#### What the task asks:
Using the data that follows, output only the lines from the line with "Elaborate Ink Black" up to and including the line with "Natural Genuine Rhodonite", exactly, leaving pictures aside.

#### Exercise data:
--------------------
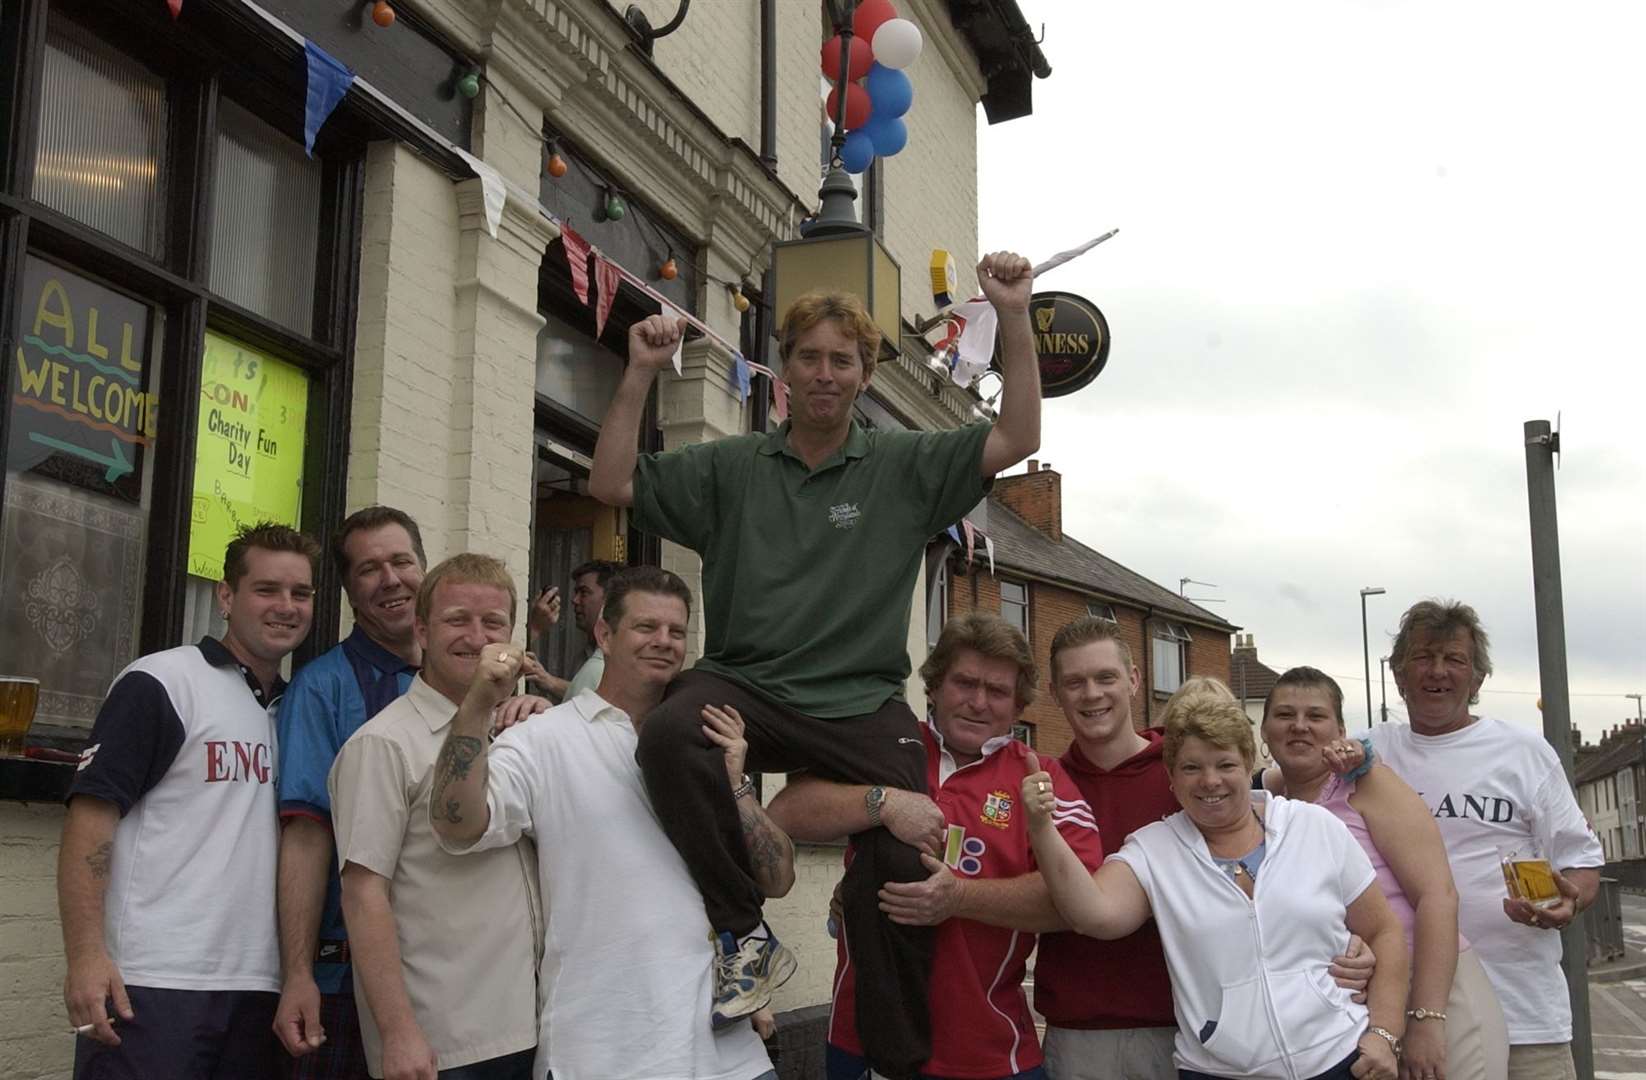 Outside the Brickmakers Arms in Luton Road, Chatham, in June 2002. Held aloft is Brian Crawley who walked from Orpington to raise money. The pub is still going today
--------------------
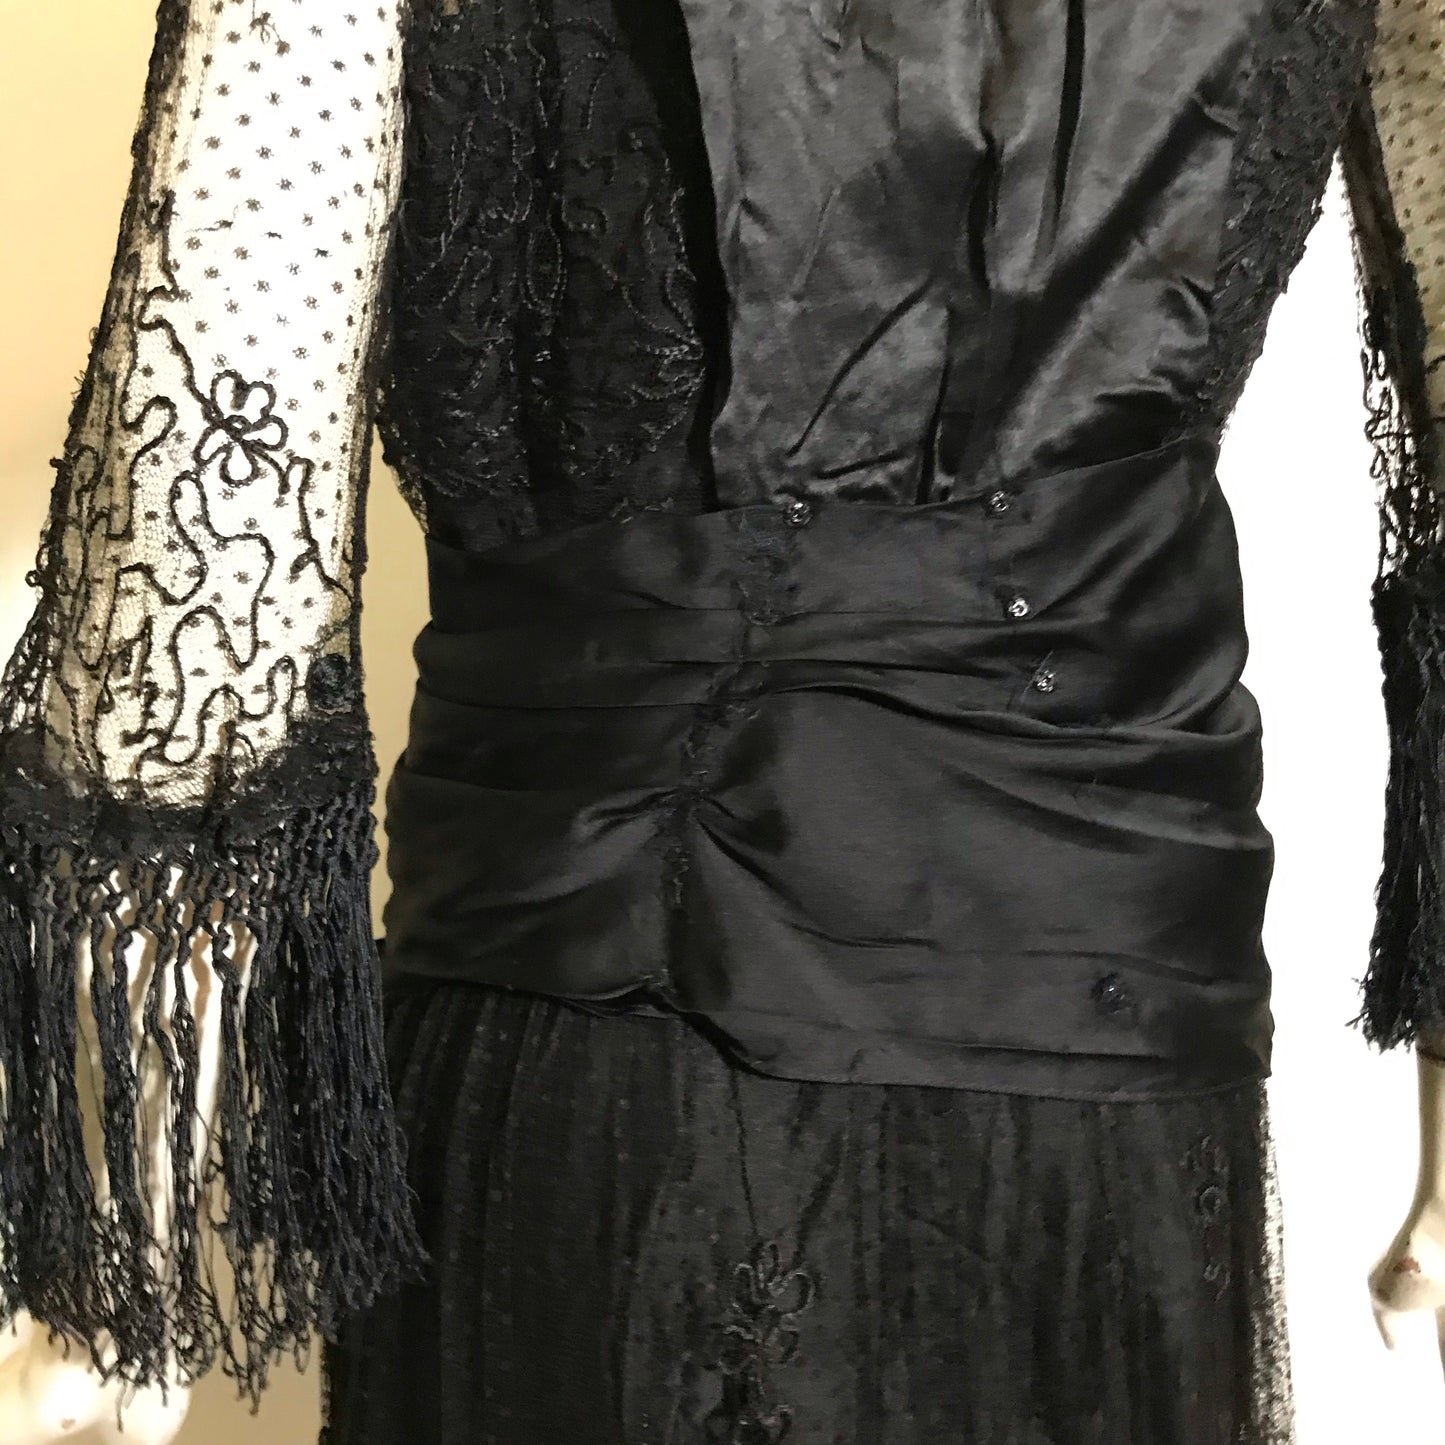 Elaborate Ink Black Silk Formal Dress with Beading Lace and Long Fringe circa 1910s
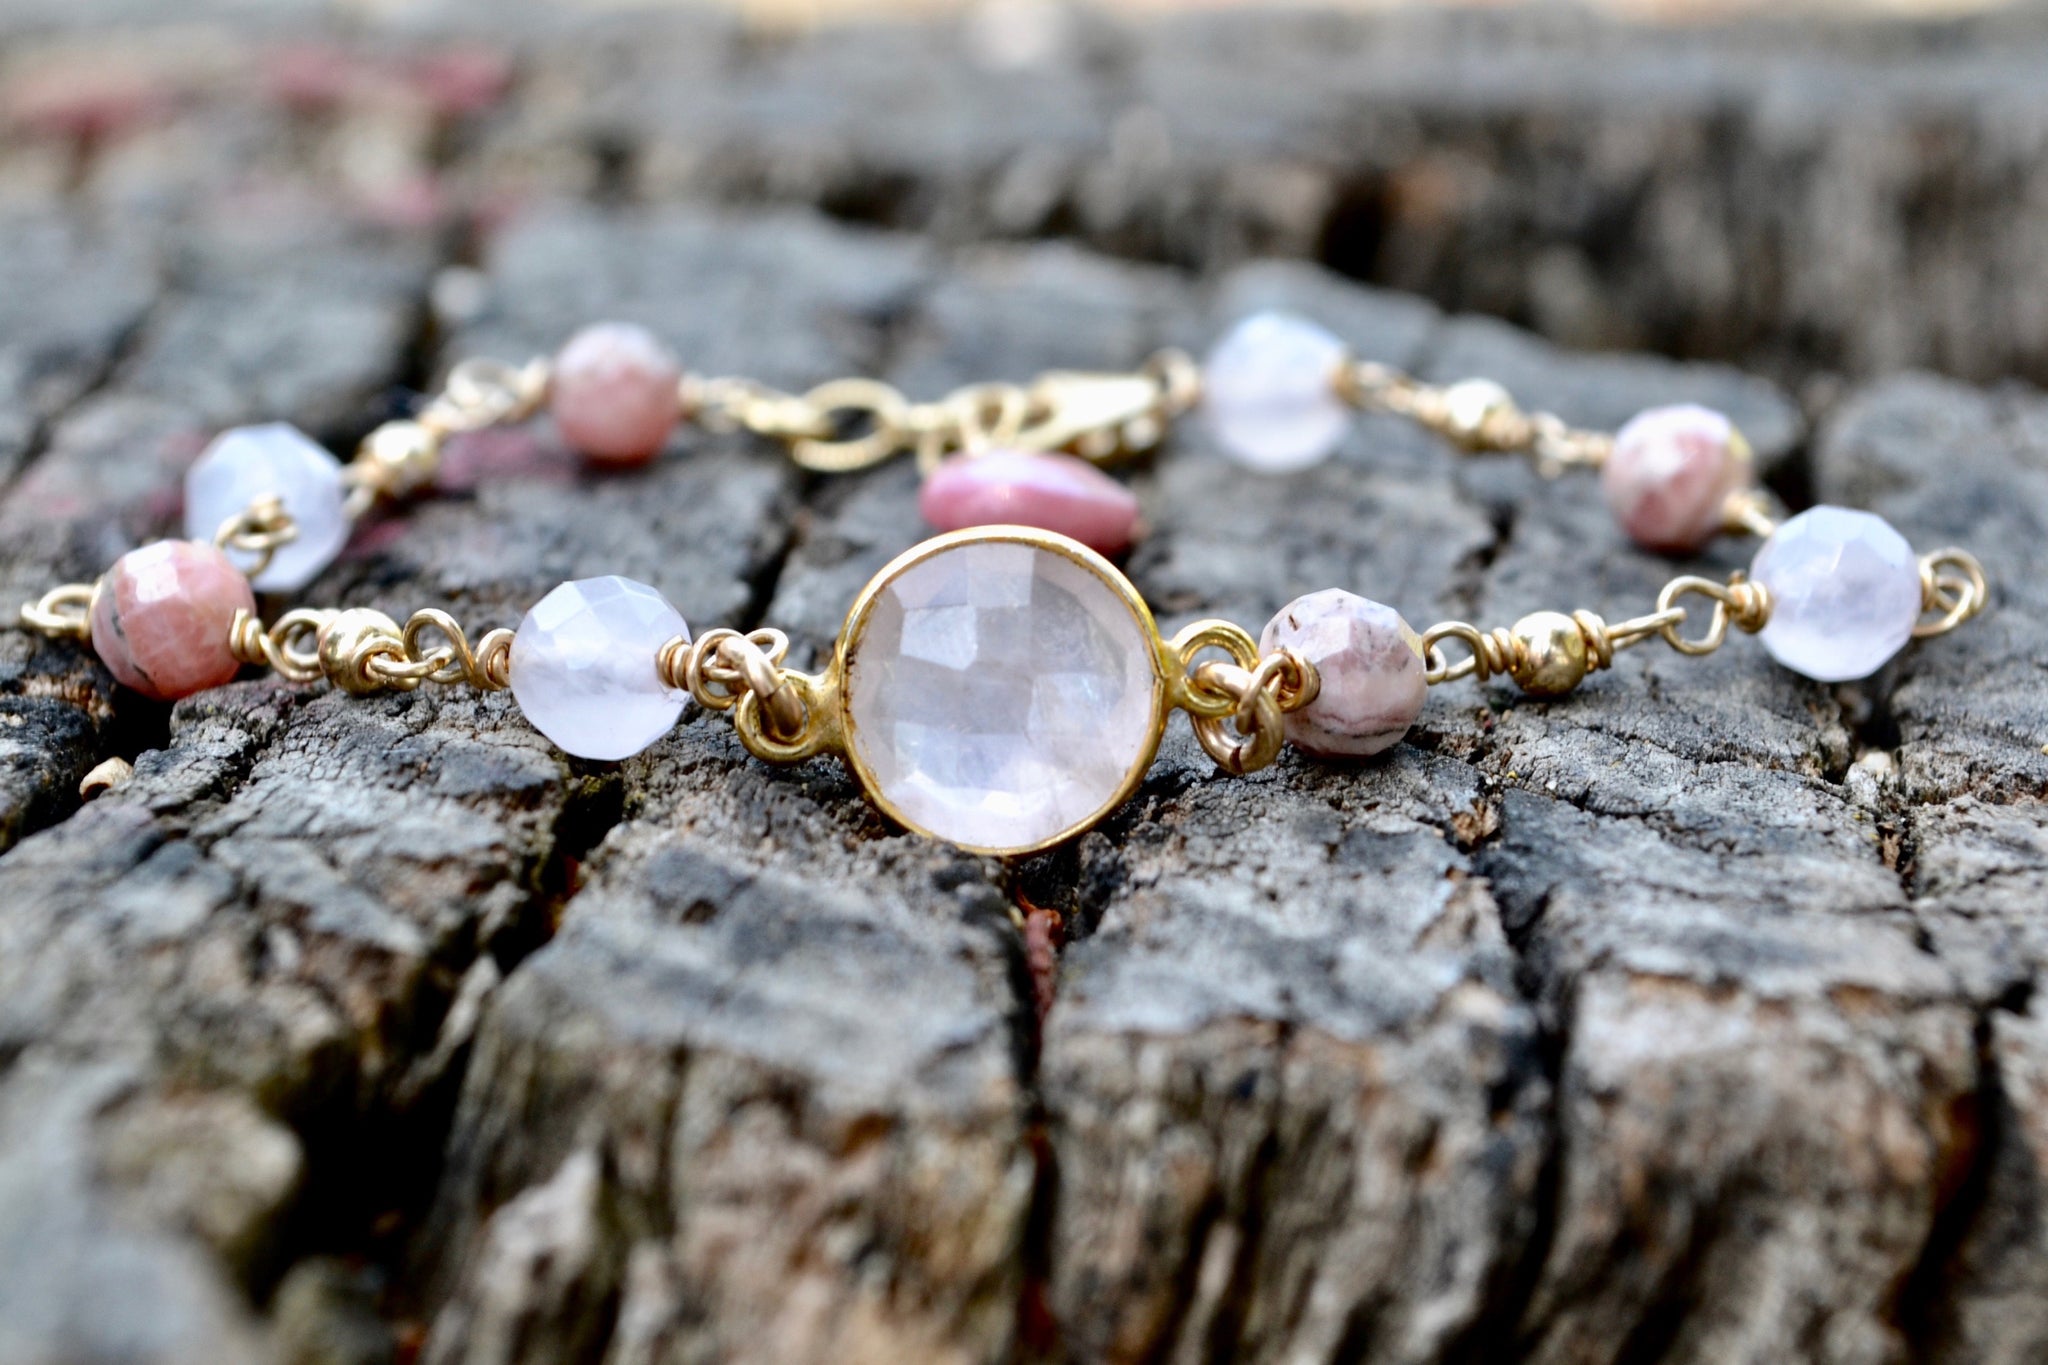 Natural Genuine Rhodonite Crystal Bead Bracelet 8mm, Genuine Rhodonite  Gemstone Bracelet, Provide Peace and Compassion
--------------------
#### Result of the exercise:
 Elaborate Ink Black Silk Formal Dress with Beading Lace and Long Fringe circa 1910s
 Natural Genuine Rhodonite Crystal Bead Bracelet 8mm, Genuine Rhodonite  Gemstone Bracelet, Provide Peace and Compassion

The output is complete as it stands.